__Aim of the task__.
Transcribe the data exactly, omitting whatever pictures it holds.
Information shown Block Start
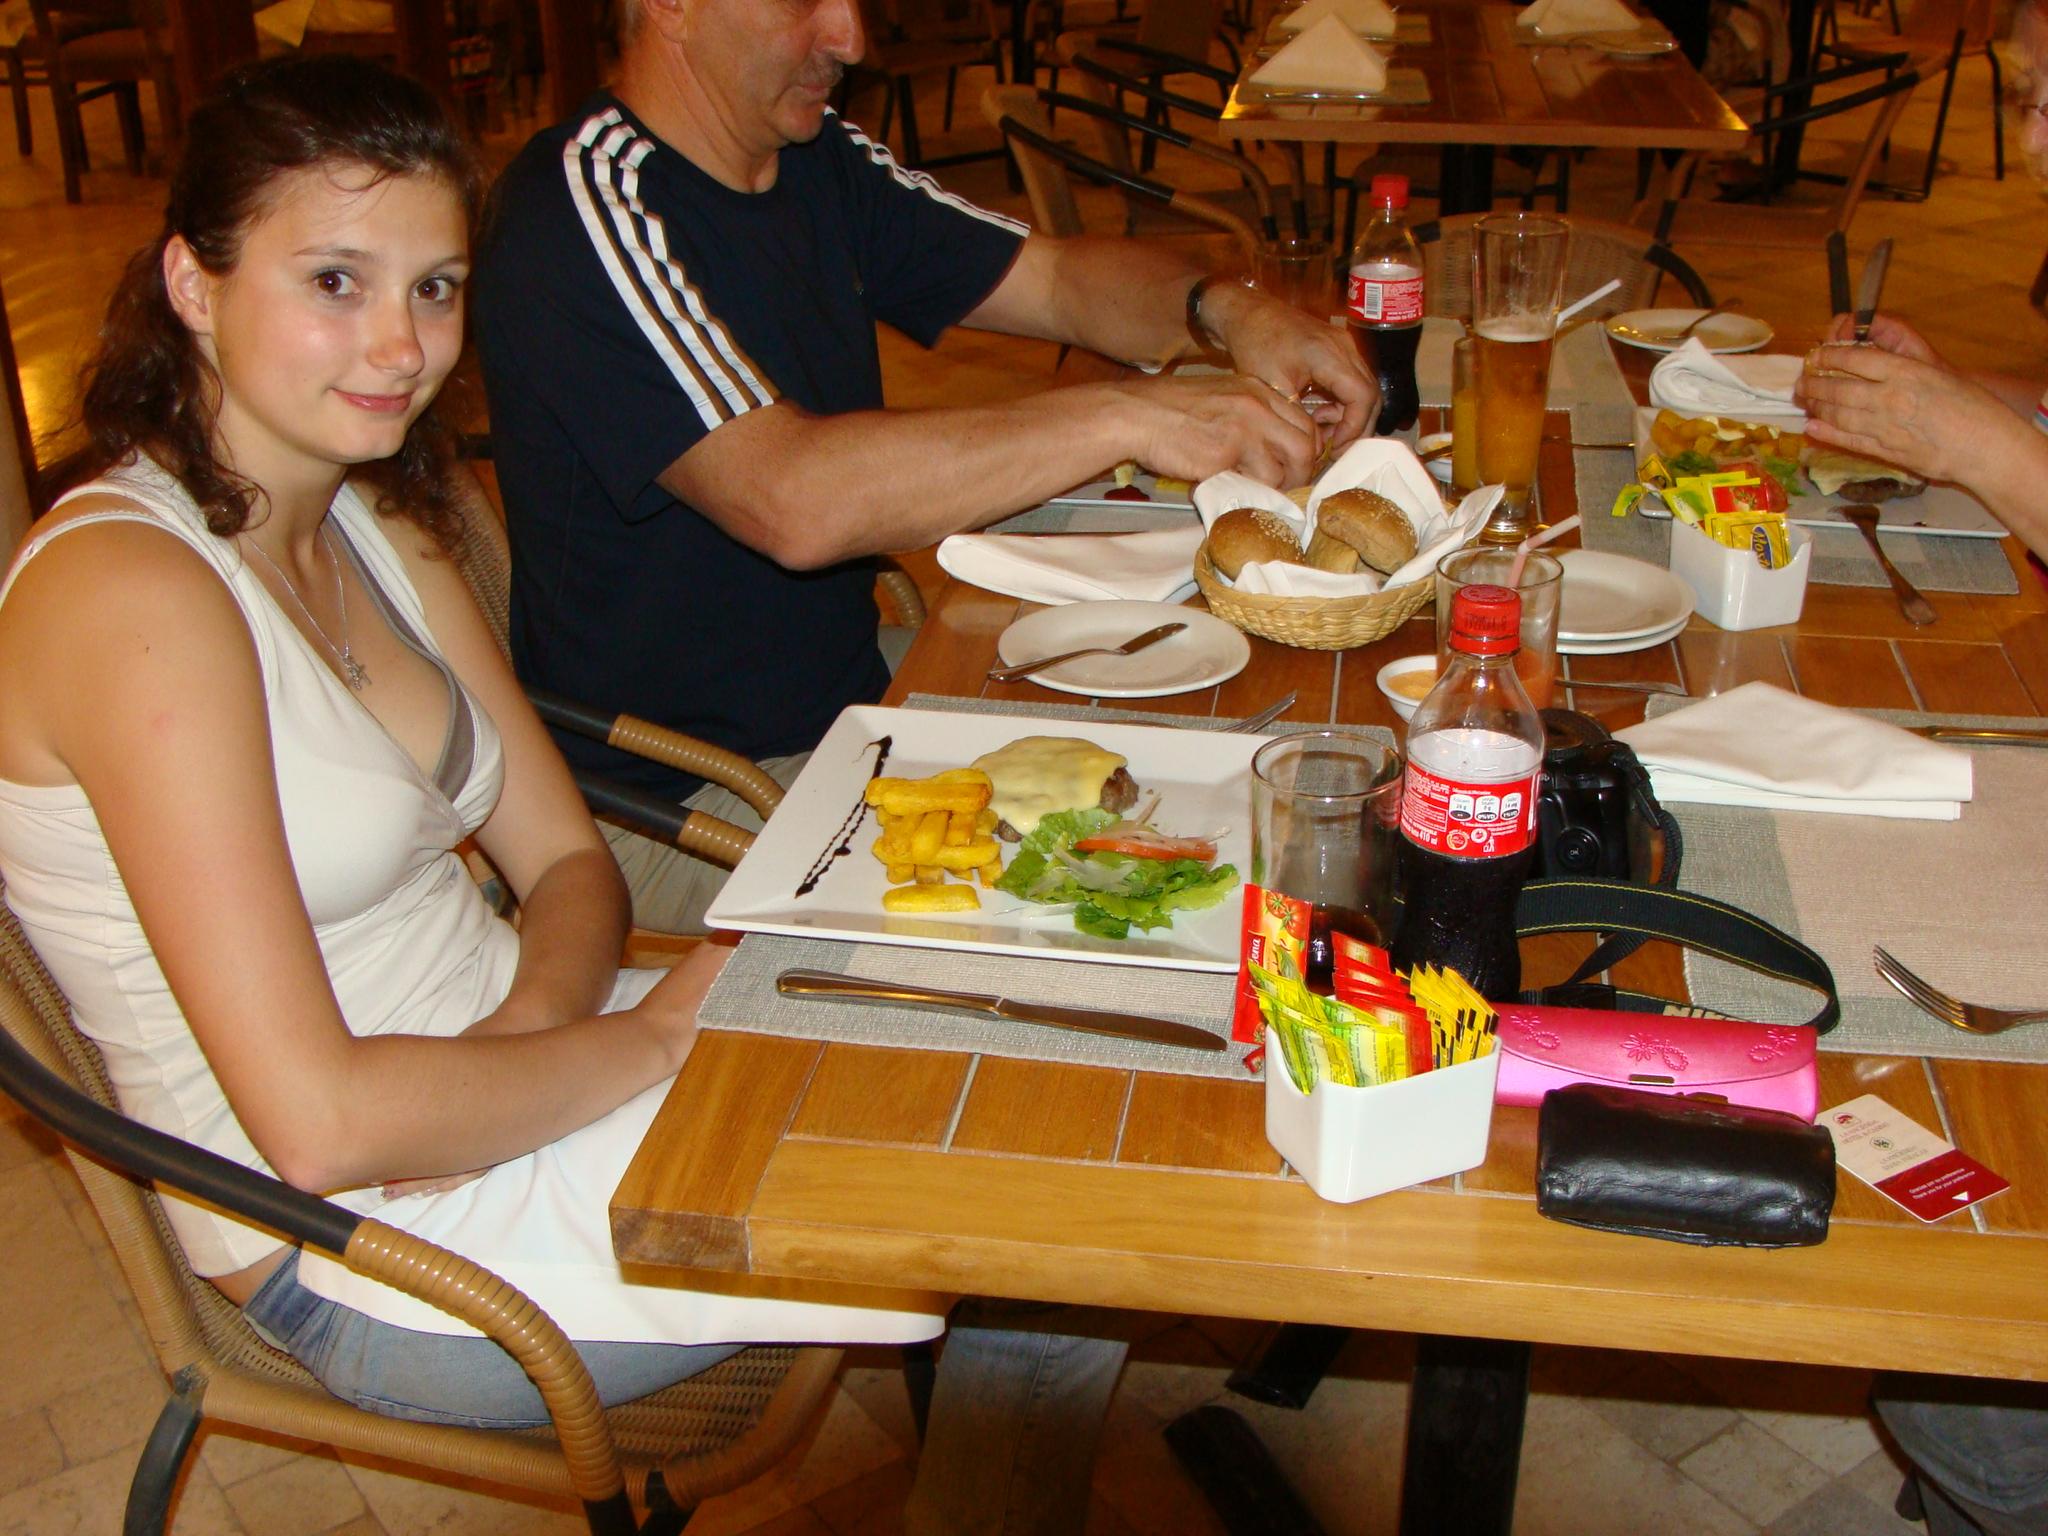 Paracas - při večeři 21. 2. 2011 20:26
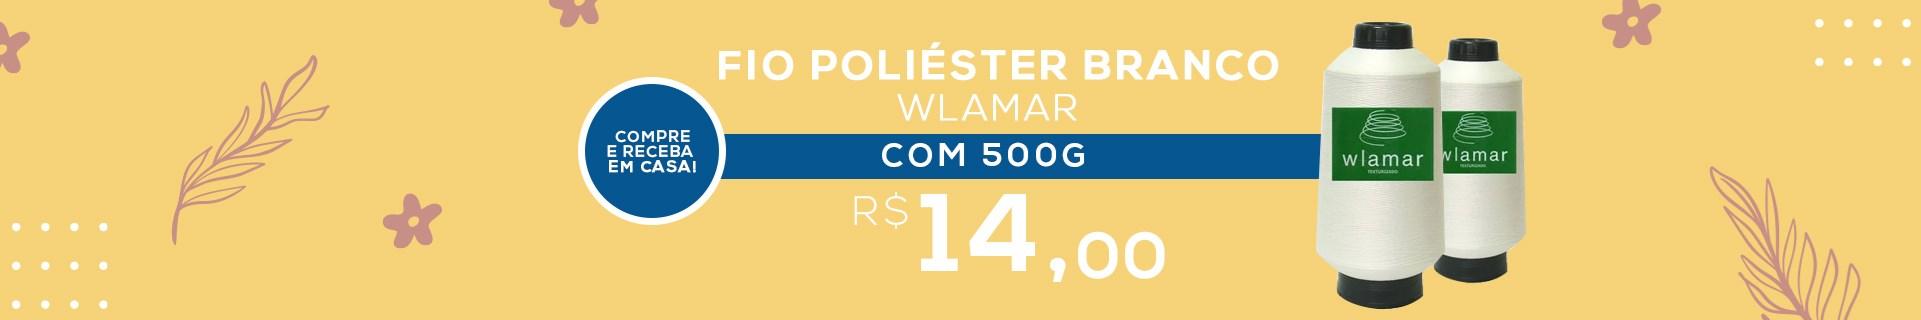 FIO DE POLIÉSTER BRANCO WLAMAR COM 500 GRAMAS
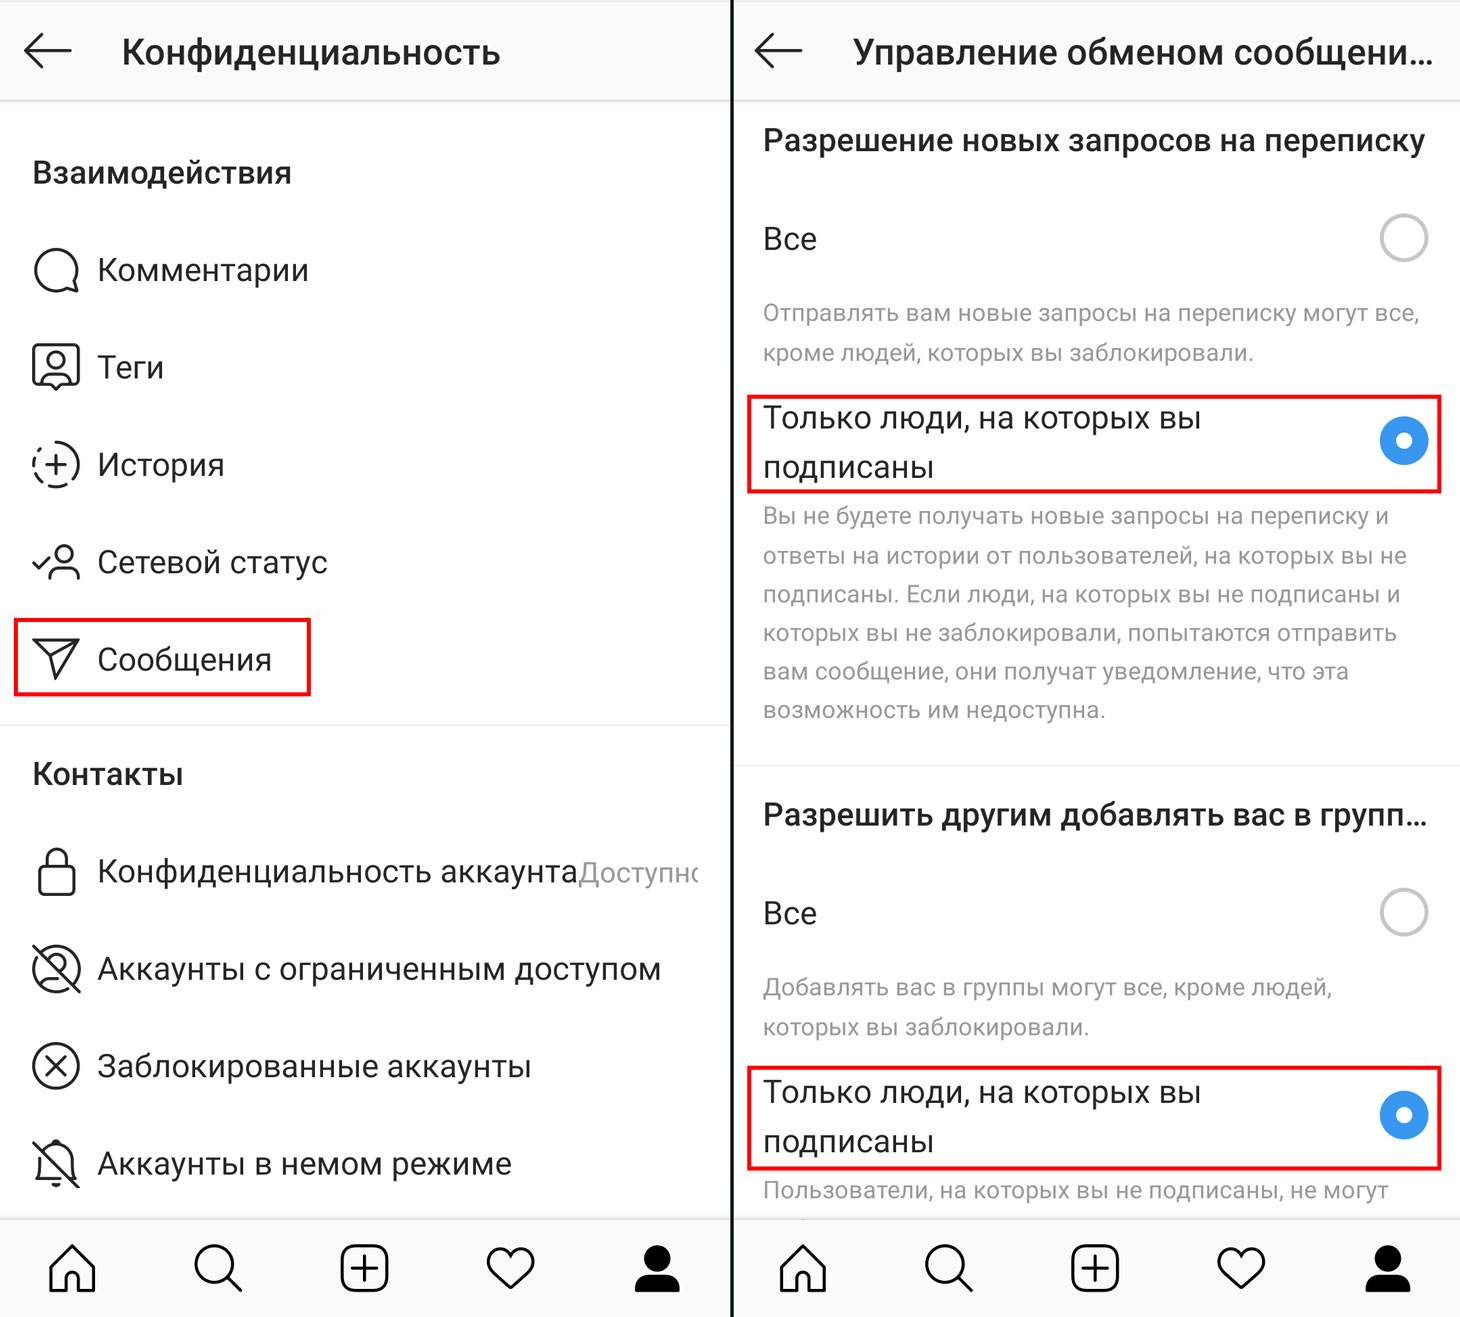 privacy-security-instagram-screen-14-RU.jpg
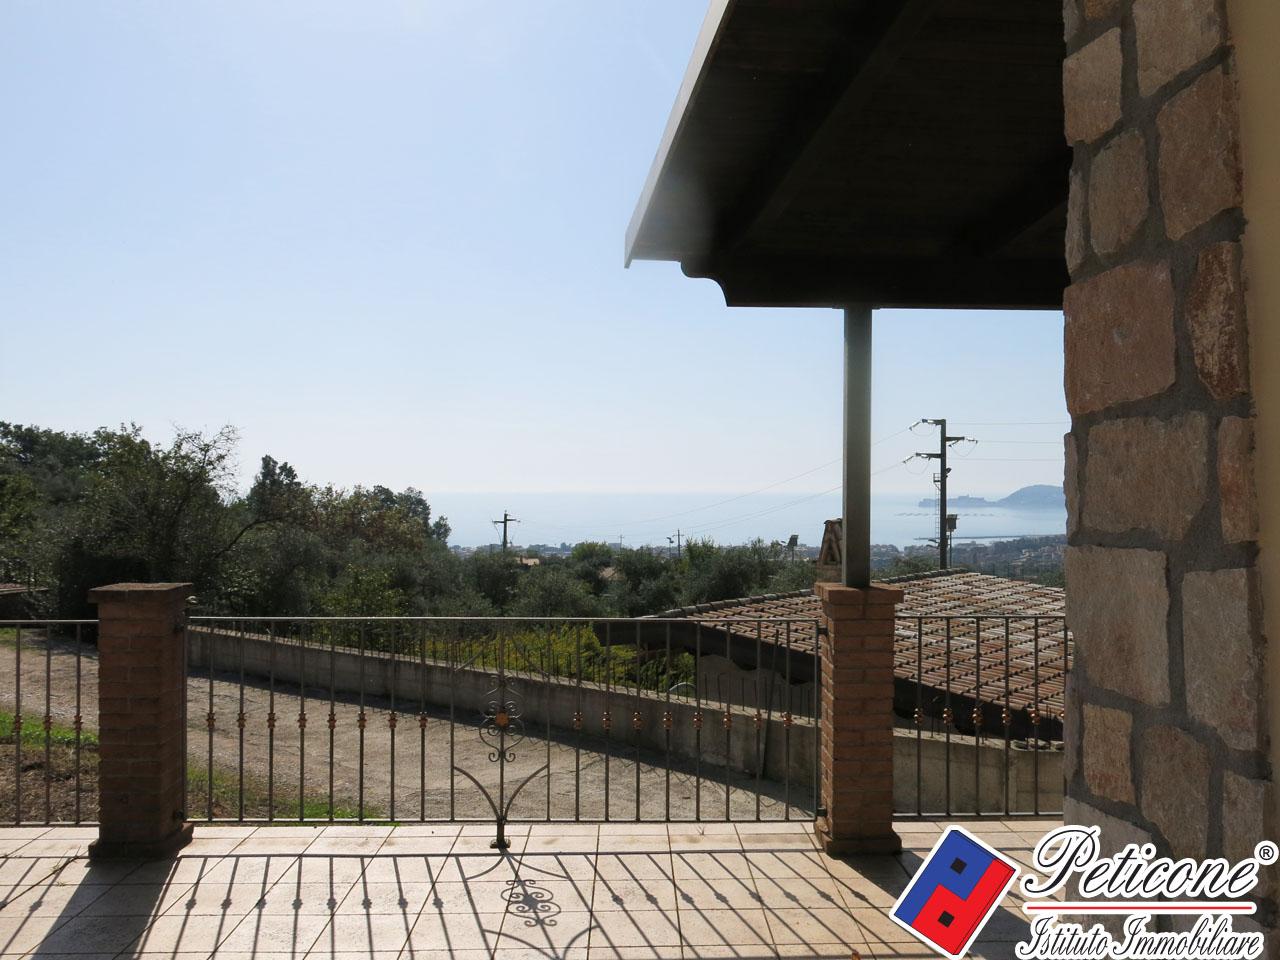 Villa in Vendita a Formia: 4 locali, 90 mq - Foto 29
Information shown Block End
__Written answer__.
 Paracas - při večeři 21. 2. 2011 20:26
 FIO DE POLIÉSTER BRANCO WLAMAR COM 500 GRAMAS
 privacy-security-instagram-screen-14-RU.jpg
 Villa in Vendita a Formia: 4 locali, 90 mq - Foto 29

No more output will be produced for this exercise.